# EXERCISE PROMPT:
Copy the data below exactly.

# DATA PROVIDED:
------------------------------------------------------------

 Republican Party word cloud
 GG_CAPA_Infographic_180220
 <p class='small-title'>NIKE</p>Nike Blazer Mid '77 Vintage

------------------------------------------------------------

# ANSWER TO THE PROBLEM:
 Republican Party word cloud
 GG_CAPA_Infographic_180220
 <p class='small-title'>NIKE</p>Nike Blazer Mid '77 Vintage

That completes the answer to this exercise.